Filter and sort

Excel tables can quickly become huge and confusing. Especially when quickly searching for specific data from a large table, frustration quickly arises. To keep the overview, Excel offers the possibility to sort and filter the data automatically. This way, data can be sorted alphabetically from A to Z or rows of numbers can be realigned according to size. This tutorial shows how we can filter and sort the data correctly, avoiding the most common mistakes.

In the second section, we show how to filter unneeded data from the list, thus temporarily hiding it. This way we quickly evaluate even the most unmanageable table deserts.

Sort data in Excel

For this example, we will edit a large employee table that contains first names, last names and employee numbers. In our example, we will select the Last Name column, which will determine the sort order.

Tip: Empty columns and cells can optionally be removed even before sorting. To do this, we right-click on the corresponding column or row header and select Delete cells. If we sort a table with empty cells, the empty columns or rows end up at the top or bottom, depending on the sorting, and can then be deleted as a block (which is faster).
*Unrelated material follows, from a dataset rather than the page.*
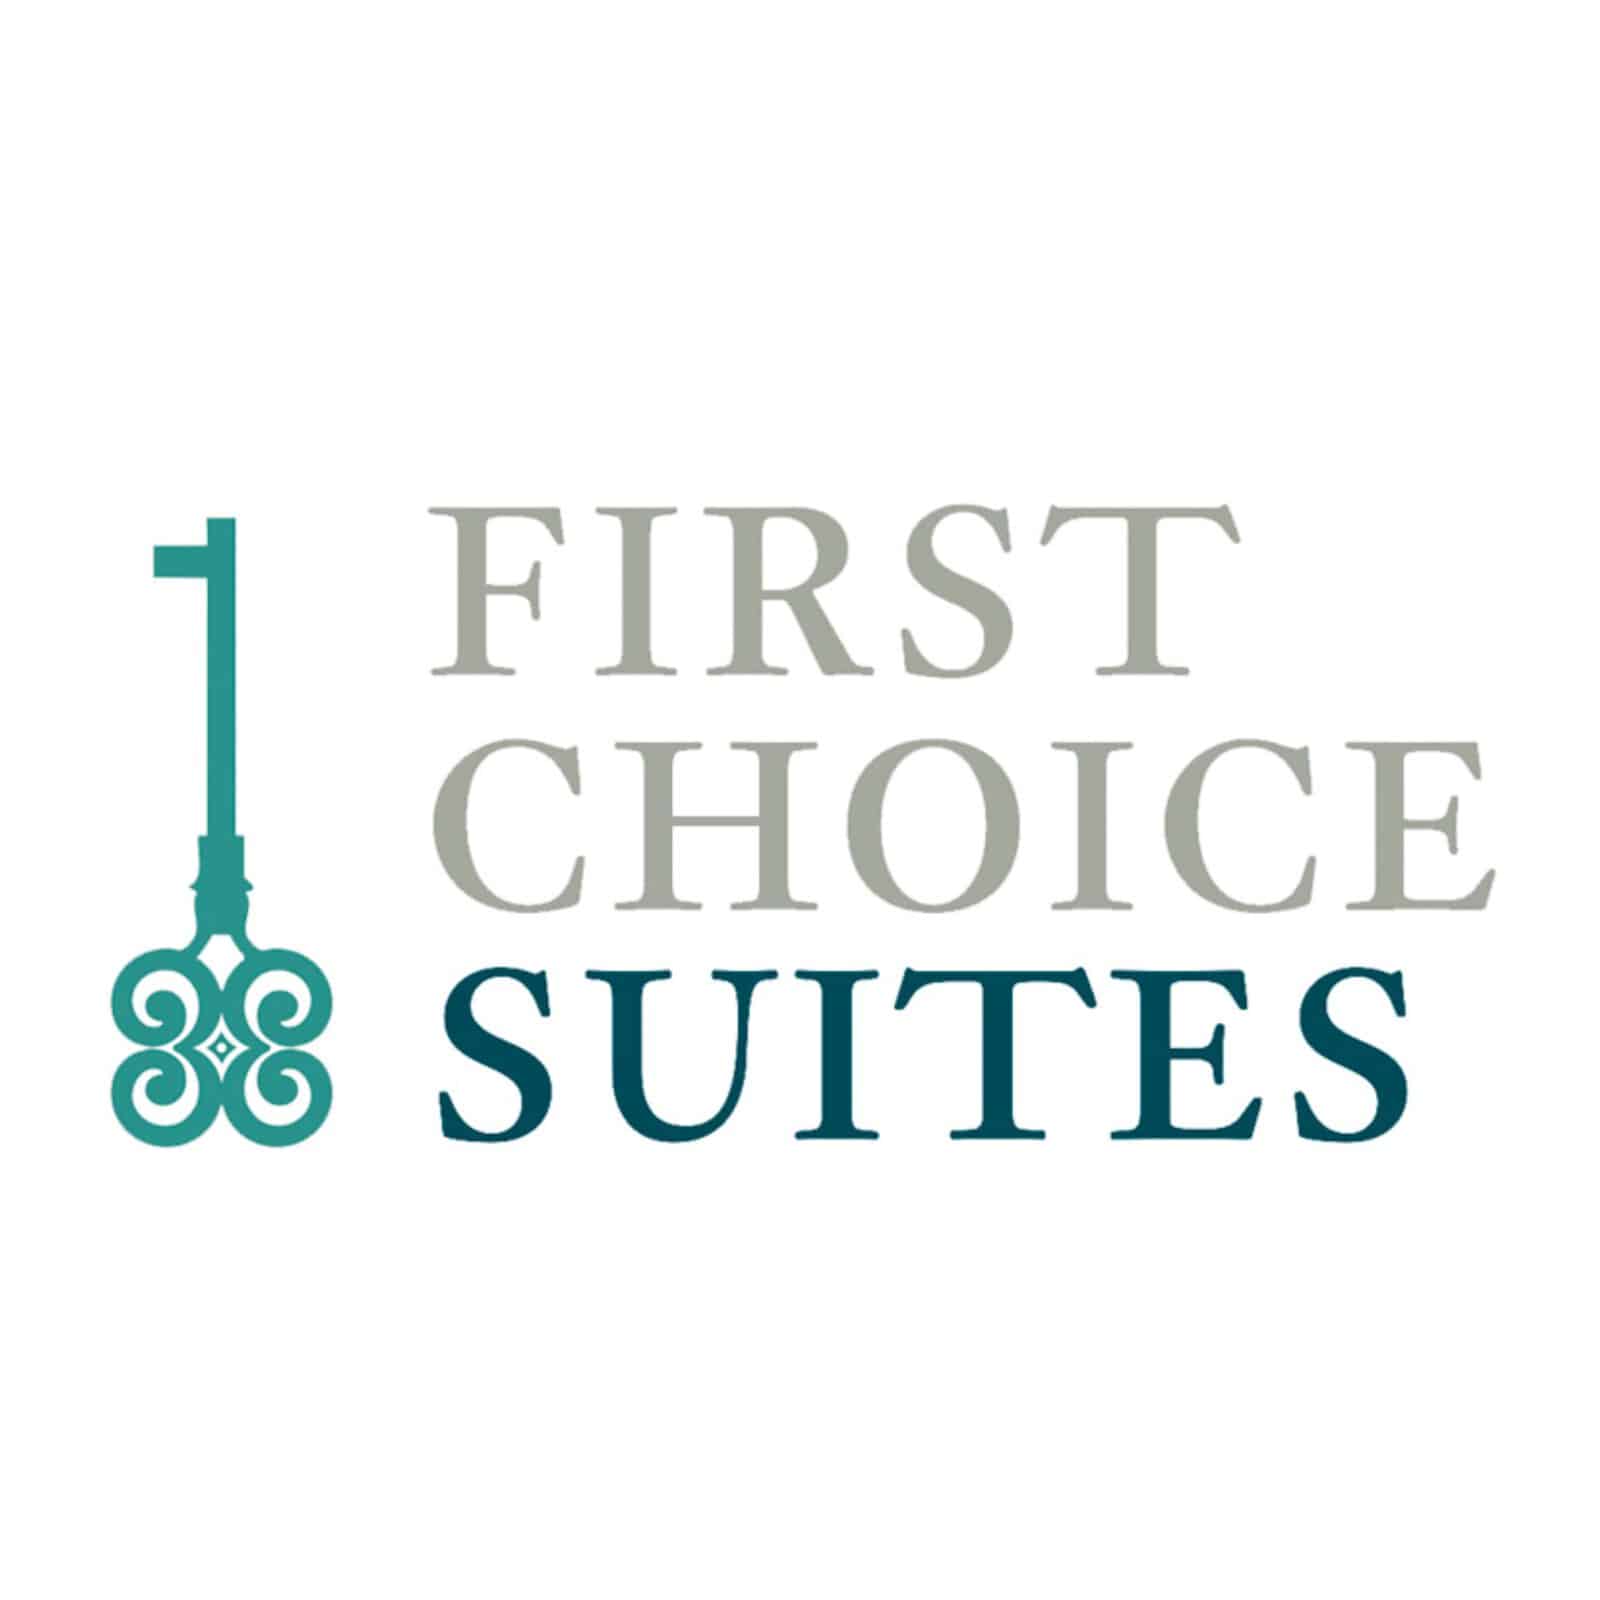 First Choice Suites

We click the “Sort and Filter” button in the Edit group of the Start tab.

Tip: Sorting and filtering options are located in the Start tab and also in Data.
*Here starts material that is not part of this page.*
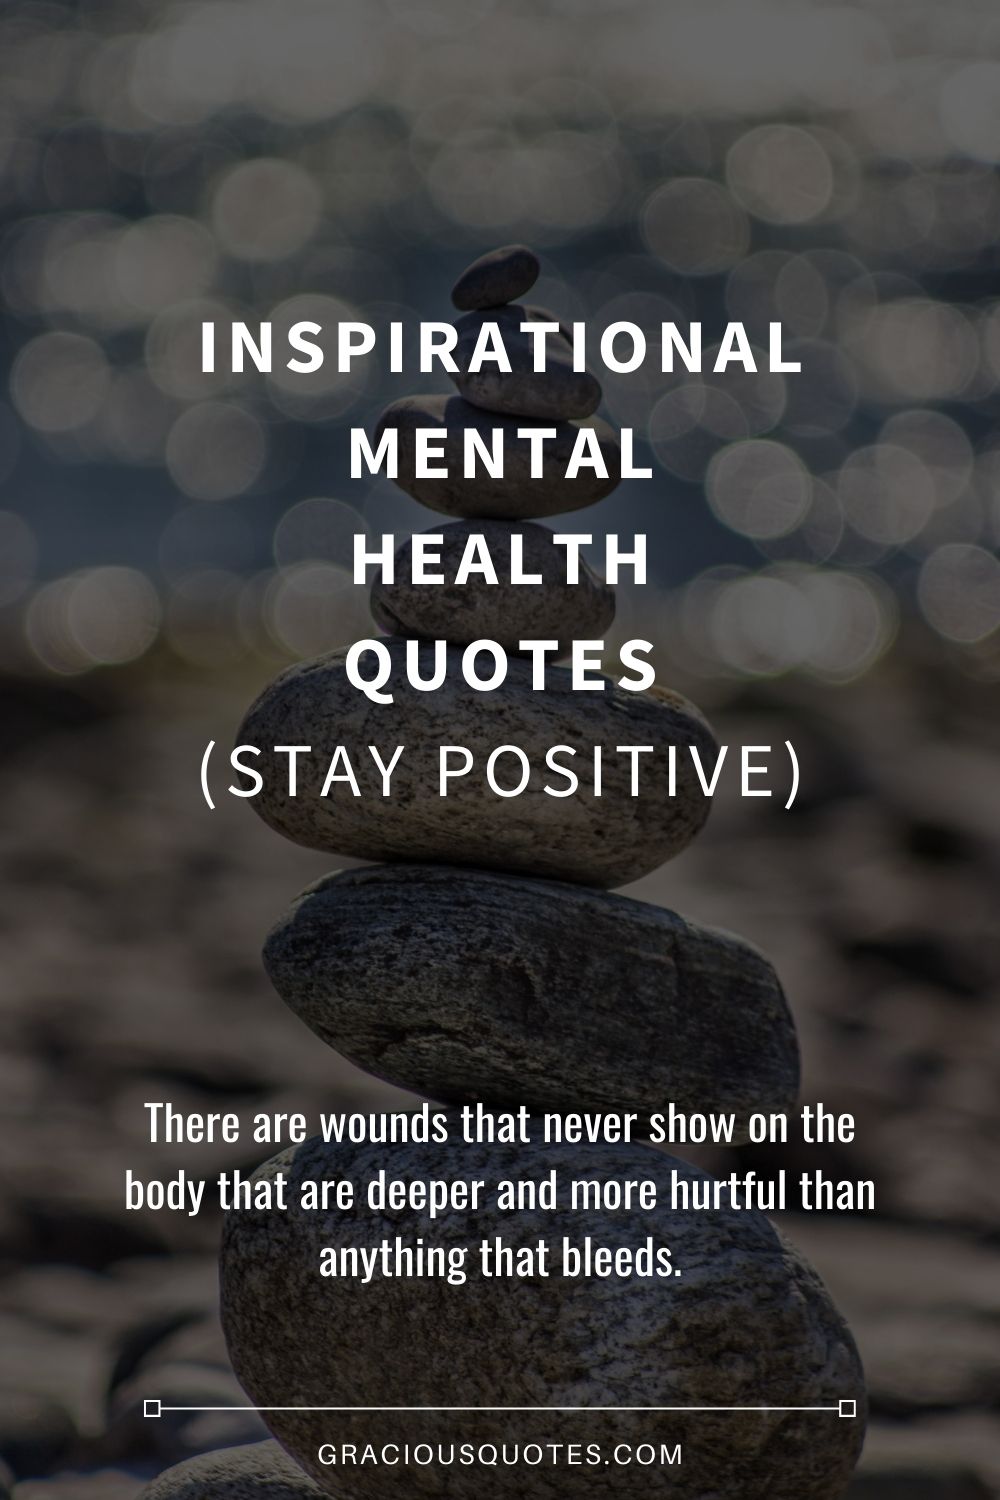 Inspirational Mental Health Quotes (STAY POSITIVE) - Gracious Quotes

Then we select the option Sort from A to Z (Ascending).

If a sorting warning should come, we click on “Extend marking”.

If a sorting warning should come, we click on “Extend marking”.

We can see how the table has been realigned. All other data belonging to the row moves with it and is sorted by last name.

Since many employees share the same last name, we now want to additionally sort by first name. We select all columns in the next step.

We click the “Sort and Filter” button on the Start tab in the Edit group.

Next we select “Custom sort”.

The Sort dialog window opens. We select the Last name column in the left cell (Sort by), with the order from A to Z.

Now we click on the Add Layer button.

In the new line “Then by” we select the column First name and confirm our input with OK.

Excel now sorts the data as follows: Sort by last name (from A to Z) then by first name (from A to Z). That means concretely: Only if two or more persons have the same last name, Excel sorts within this group with the same last names on the basis of the first names. If persons do not have the same last name, the first name will not be considered for sorting. If there are persons who have the same first and last name, a third level can be used to determine the sorting even more finely.

And this is the result!

Filter data with AutoFilter in Excel tables

This example shows us how to hide unneeded records and see only relevant information. The larger and more confusing tables become, the more important Excel’s filter functions become.

In our example we see people with first name, last name and the city where they live. 1.

We select all relevant columns.

We click on our table and select the Filter button in the Data tab in the Sort and Filter group.

All column headers now have a gray box with a list arrow. We click on the arrow of the Location column.

A menu opens where all values from the column are listed.

We click once on the check mark at “Select all” so that it disappears and all other check marks are removed as well (as in the following screen shot)

Now we check the value (or values) that should not be hidden – in our example the city Dresden – and click OK.

Now our table shows only the people who come from the place Dresden.